Le remplacement du bouc Zottel par un bouvier bernois comme symbole du parti pourrait s’apparenter à une opération de dédiabolisation. Sauf que du gentil toutou au bon blochérien, il y a quand même un pas.
A l’heure où l’on apprend que des vaches écossaises à poils longs vont remplacer les traditionnelles brouteuses grisonnes sur la mémorable prairie du Grütli, un autre débat animalier menace de déchirer la classe politique suisse. On veut parler bien sûr du remplacement, dans le rôle de mascotte de l’UDC, du fameux bouc Zottel par un bouvier bernois en peluche prénommé Willy.
La prise de pouvoir des ruminantes écossaises sur le pré carré national s’explique par la décision d’un nouveau gérant d’origine américaine, qui a grandi certes en Suisse centrale, mais dont le patronyme — McCardell — trahit les ascendances calédoniennes. Les patriotes tendance gros bovins devraient s’en remettre.
Il en va autrement de la décision de l’UDC, qui a jeté la consternation. Notamment chez les propriétaires socialistes de bouviers bernois, qui se sont plaints auprès du président Levrat. Sur l’air de «Ciel mon animal préféré au service des idées nauséabondes de l’UDC». Lequel Levrat, nous apprend Le Temps, et après sans doute une réflexion qu’on imagine intense, a convenu qu’un pitbull aurait davantage fait l’affaire.
Le bouc, c’est sûr, semblait parfait comme totem blochérien. La sagesse populaire comme les encyclopédies en ligne ne retiennent guère de cet animal que des caractéristiques oscillant entre le répugnant et l’inquiétant. «L’odeur très forte» bien sûr, pérennisée par l’expression «sentir le bouc». Ou encore que la vilaine bête a été longtemps «associée au diable». Pile-poil, donc.
Le naturaliste Buffon déjà ne s’embarrassait pas de fioritures trop parfumées: «Les grandes cornes qui surmontent la tête du bouc, et la longue barbe qui est suspendue à son menton, lui donnent un air bizarre et équivoque». Equivoque, vous avez dit équivoque?
D’un homme à tête de bouc, Andersen dans le conte «La bergère et le ramoneur» disait, lui, «qu’il ricanait toujours, car on ne pouvait pas dire qu’il riait». Oskar, pourquoi tu tousses?
Le bouvier à côté, tout bernois qu’il puisse être, fait évidemment très pâle figure.

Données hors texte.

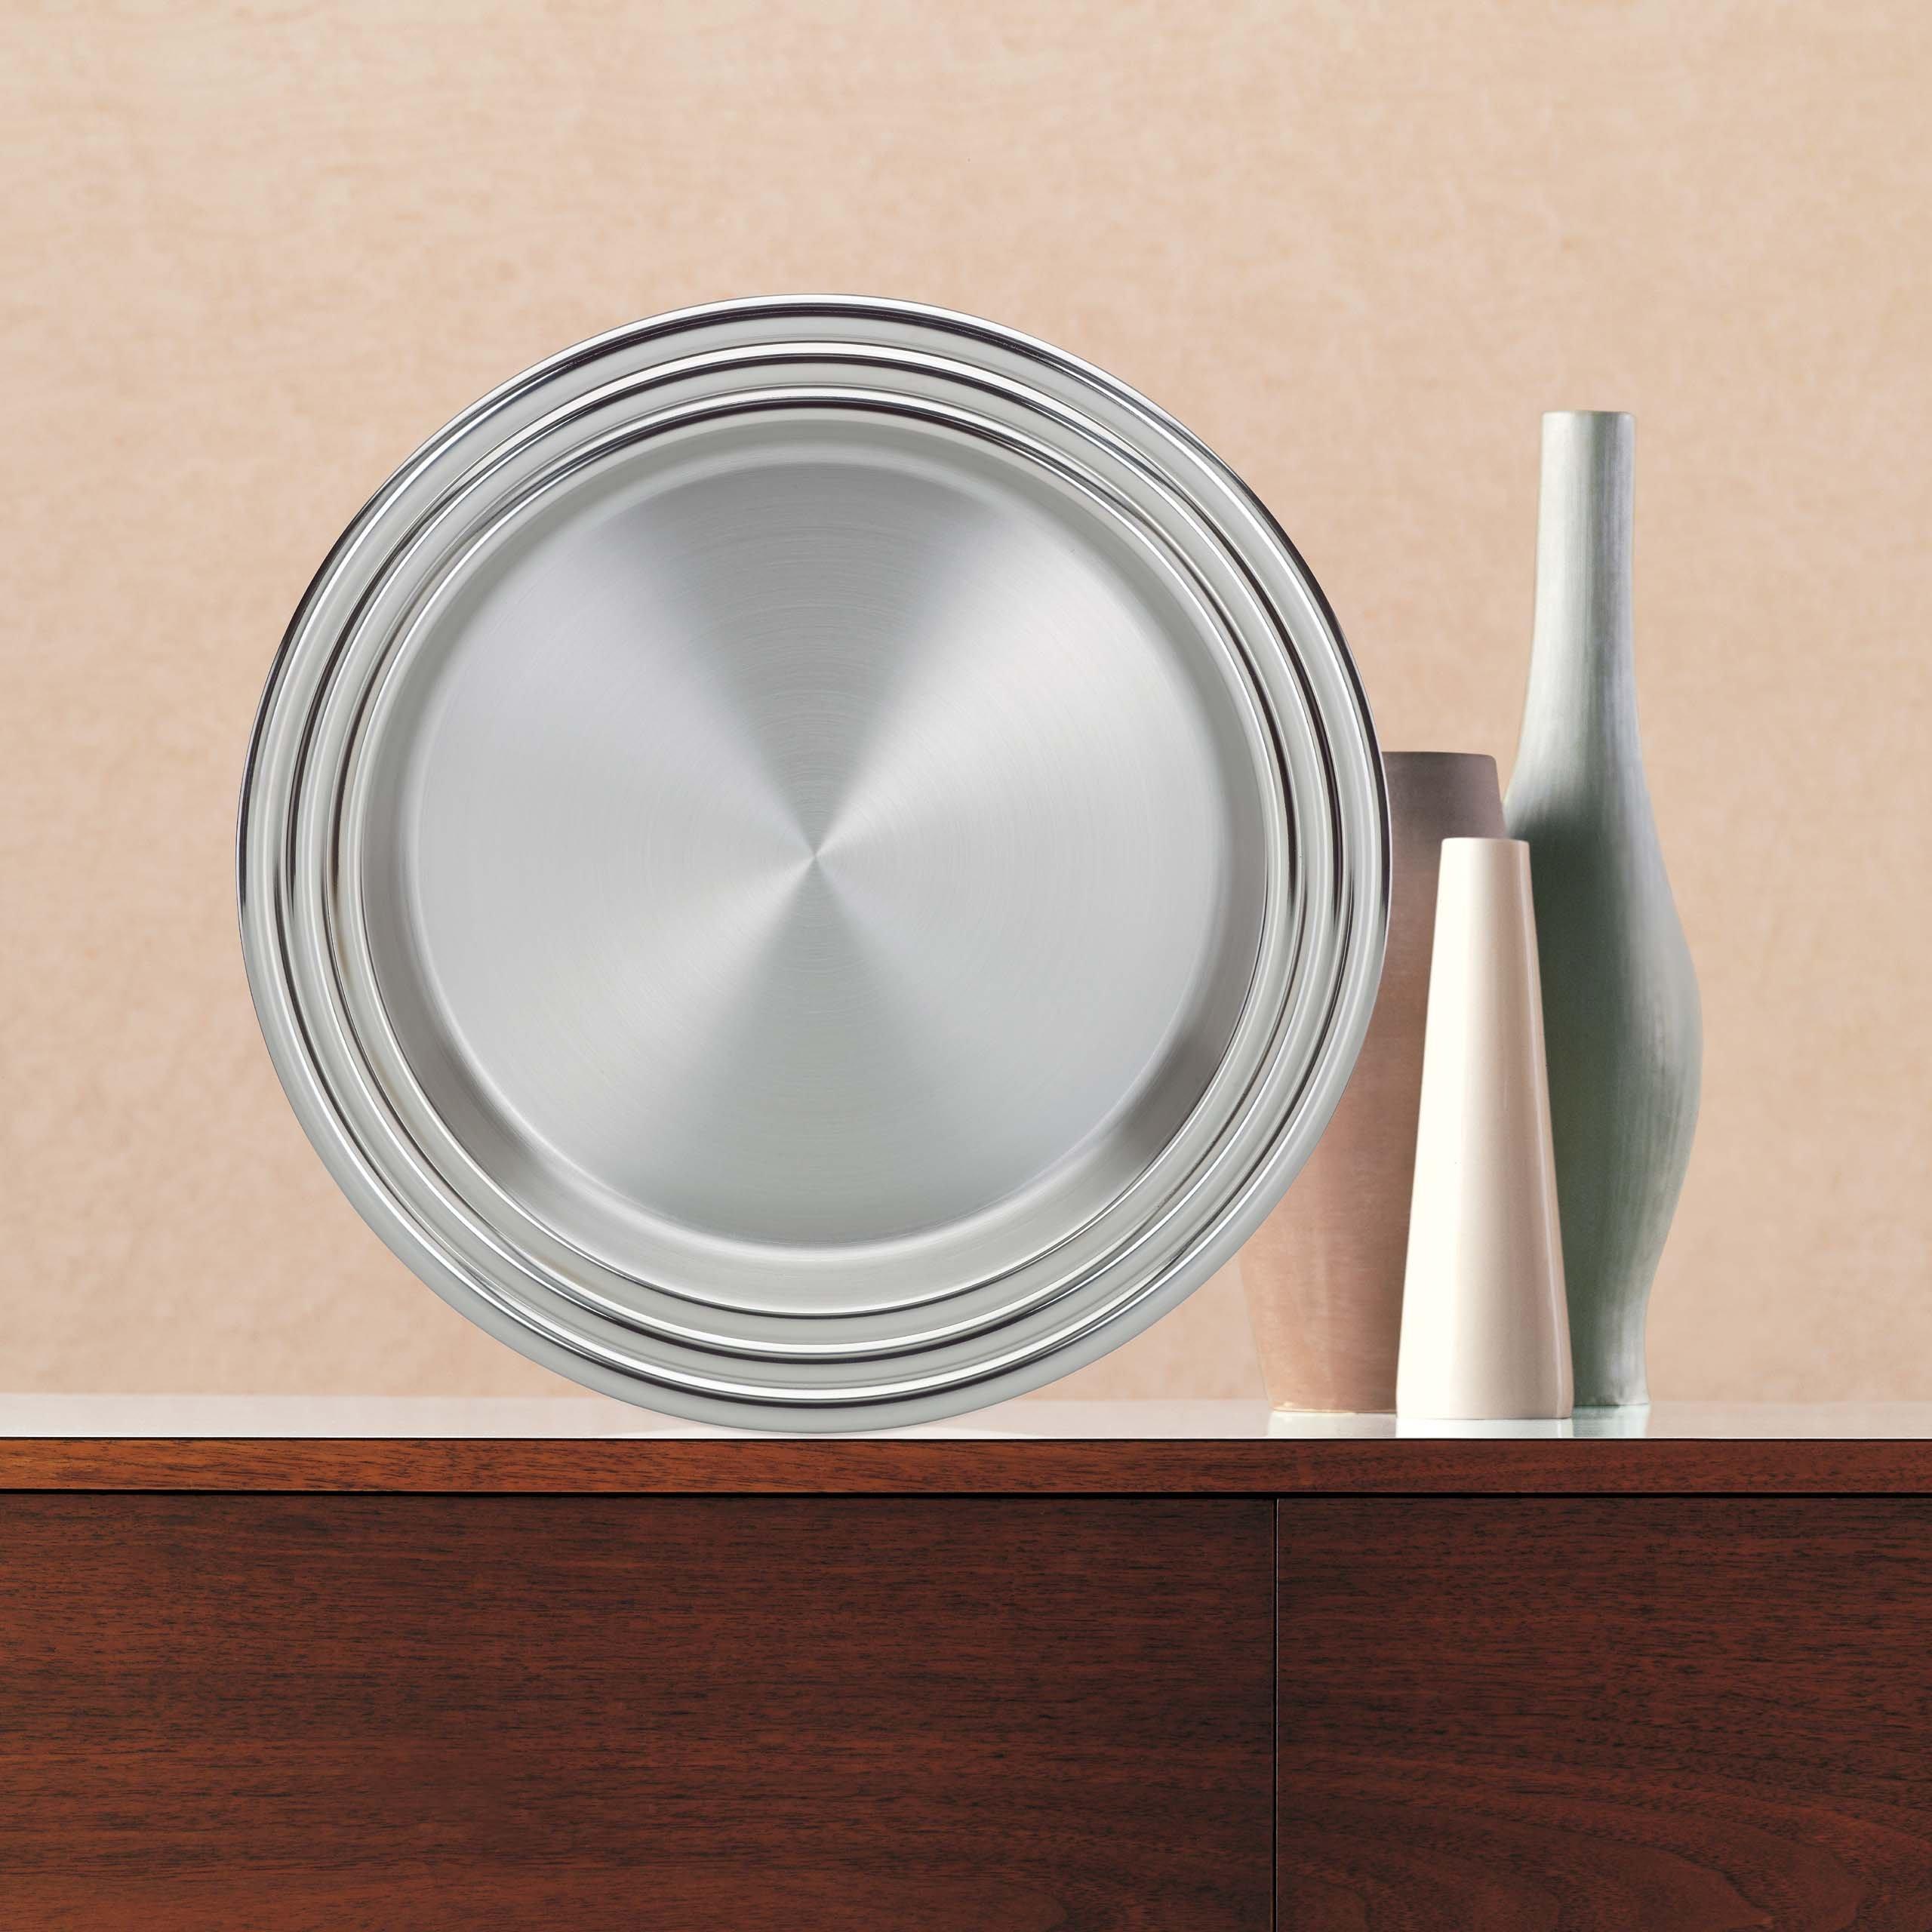 Lenox Tuscany Classics Stainless-Steel Tray by Lenox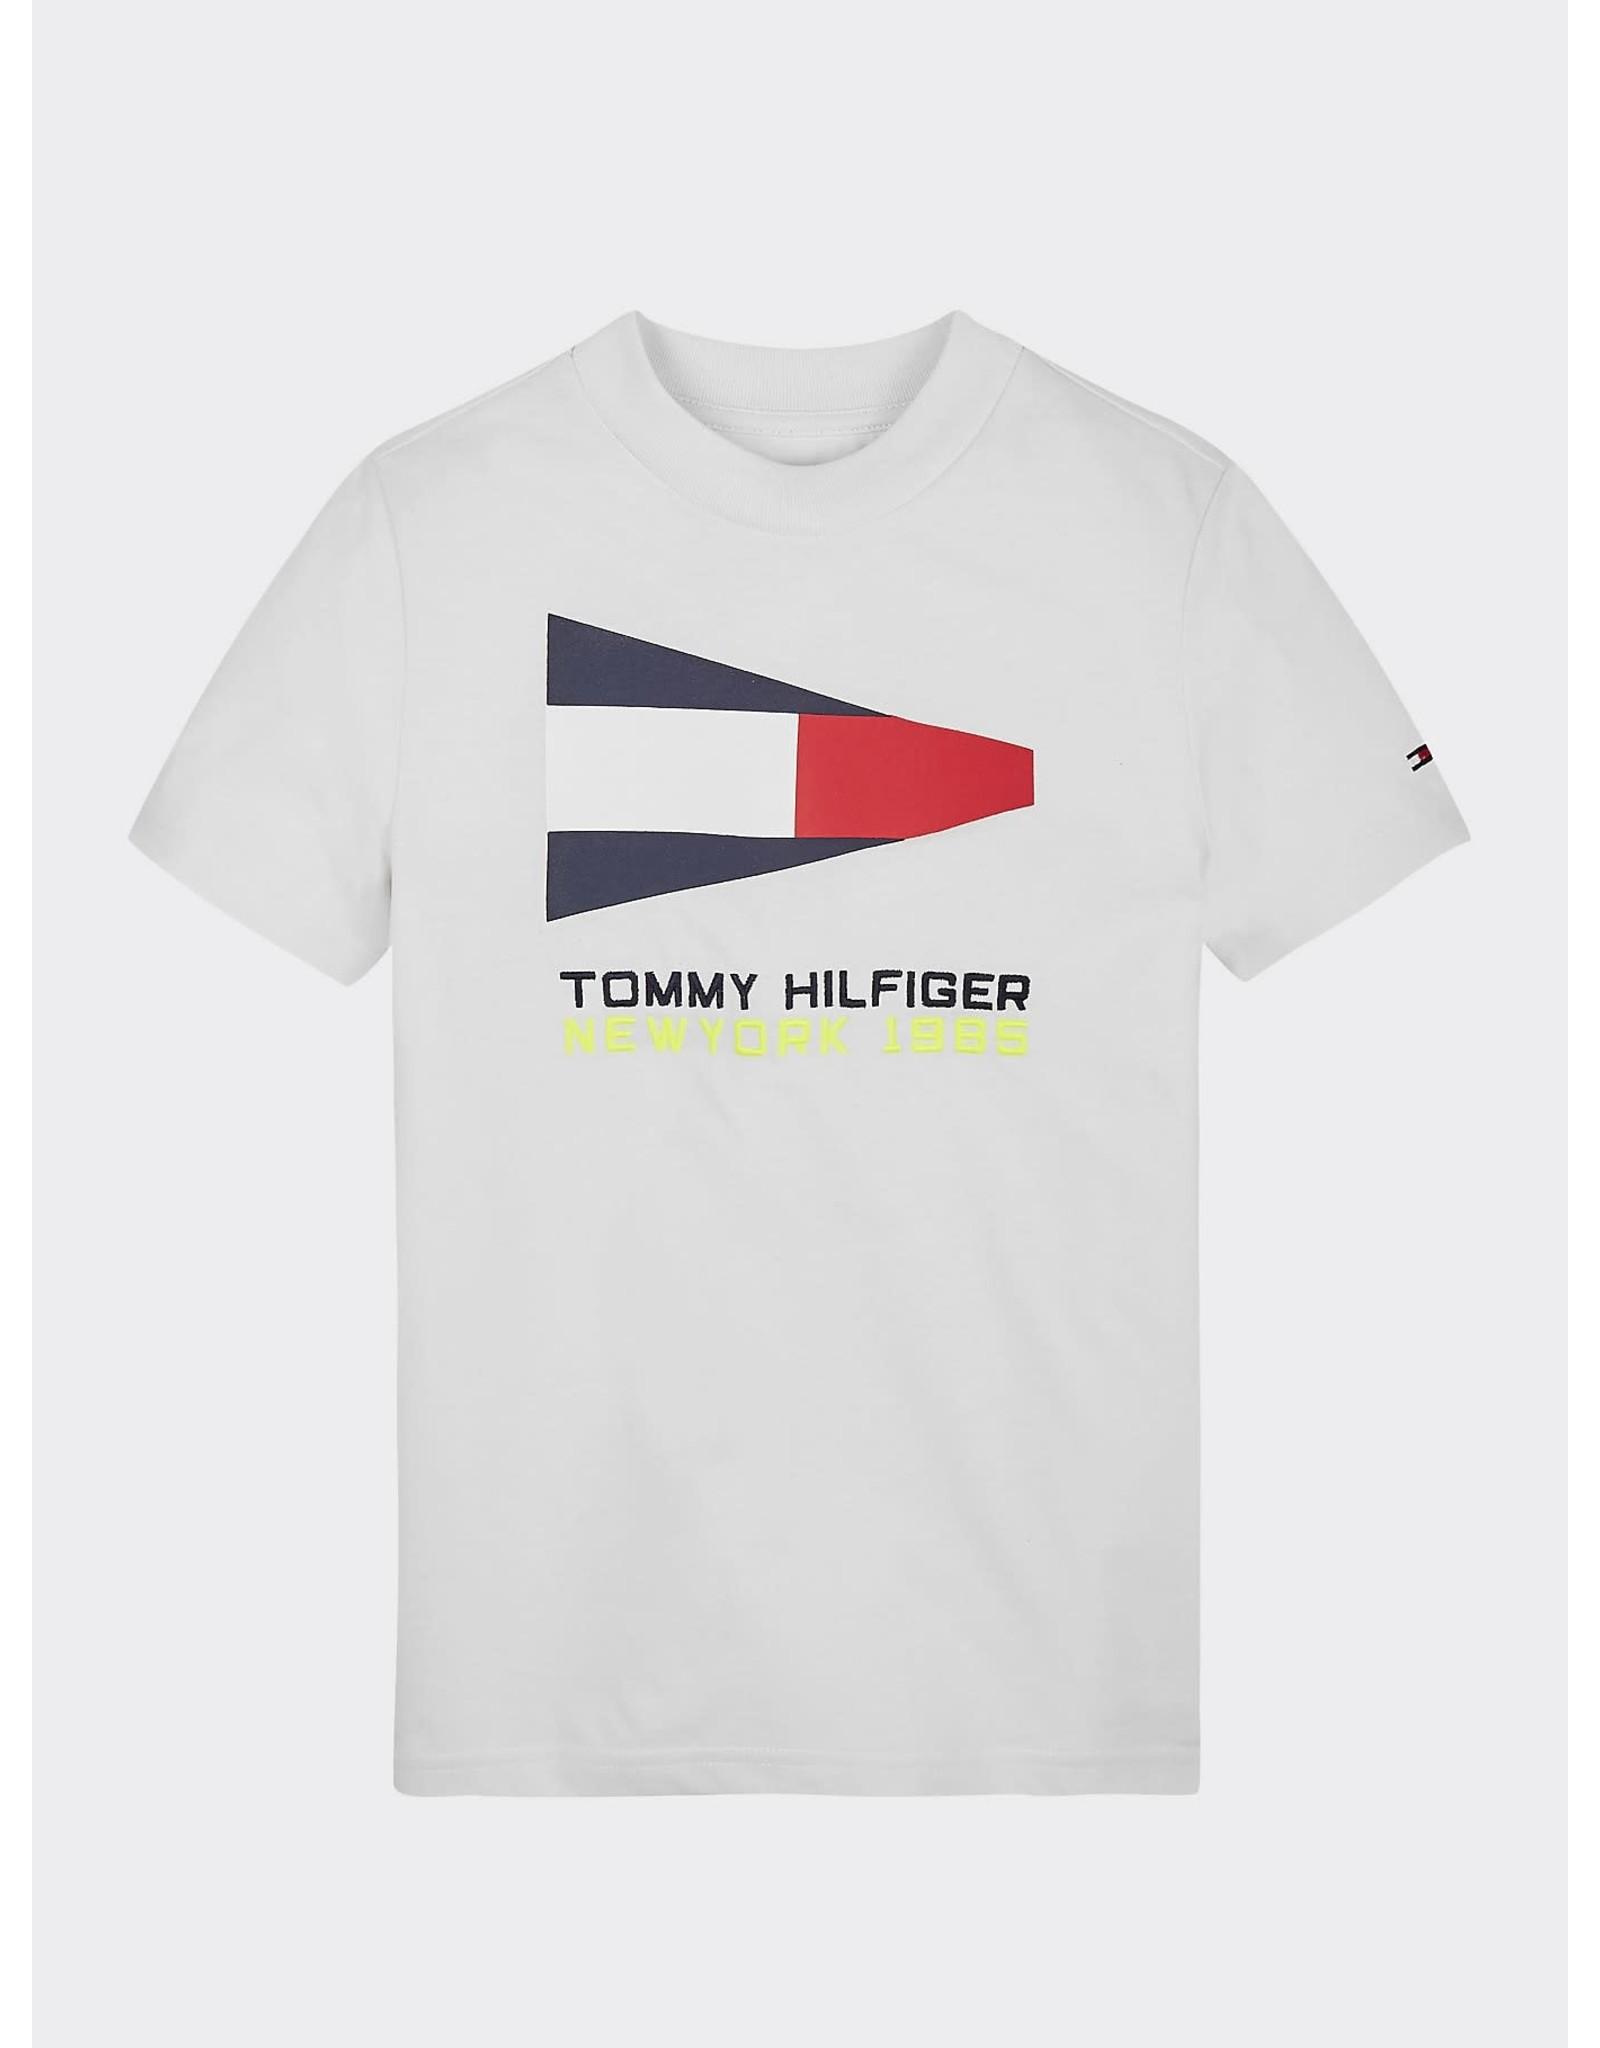 Tommy Hilfiger 5628 T-Shirt

Animal calme, affectueux et assoiffé de contacts humains, assurent les aficionados et autres éleveurs. Bref, trop gentil, trop pataud, trop sympathique pour symboliser la mâle férocité qu’on prête habituellement aux ténors de l’UDC.
L’intronisation de Willy pourrait donc passer pour une tentative de lissage d’image, de dédiabolisation, opération très à la mode dans les chapelles européennes de la droite extrême.
A l’heure surtout où l’avenir rendu incertain d’Eveline Widmer-Schlumpf au Conseil fédéral après l’échec des fiançailles PBD-PDC pourrait aiguiser les appétits UDC. Une Widmer-Schlumpf dont le siège serait plus aisément ravi par un UDC accommodant que jusqu’au-boutiste. Par un gentil plutôt qu’un méchant. Un bouvier plutôt qu’un bouc.
A y regarder pourtant de plus près, le choix du bouvier bernois comme nouvel emblème pourrait aussi bien être interprété comme une manière de renforcer l’idéologie agrarienne dans ce qu’elle a de plus recroquevillé.
C’est le moment de rouvrir les encyclopédies. D’où le Berner Sennenhund, son vrai nom, ressortira un brin essoré. «Surnommé par certains ‘pot de colle’, en raison de son grand attachement à ses maîtres»… «Sa nature de gardien fait en sorte qu’il fera preuve de méfiance à l’arrivée d’un nouveau venu»… «Peu sportif, il nécessite tout de même de longues promenades»… «Il n’aboie que s’il entend du bruit, mais lorsqu’il le fait, c’est avec beaucoup de conviction»… Voilà les quelques amabilités que l’on peut découvrir sur la fiche Wikipedia du bouvier bernois.
Notons, enfin, que l’une des utilisations fréquentes du brave animal est la conduite des aveugles. Il fallait que cela soit dit, nom d’un chien.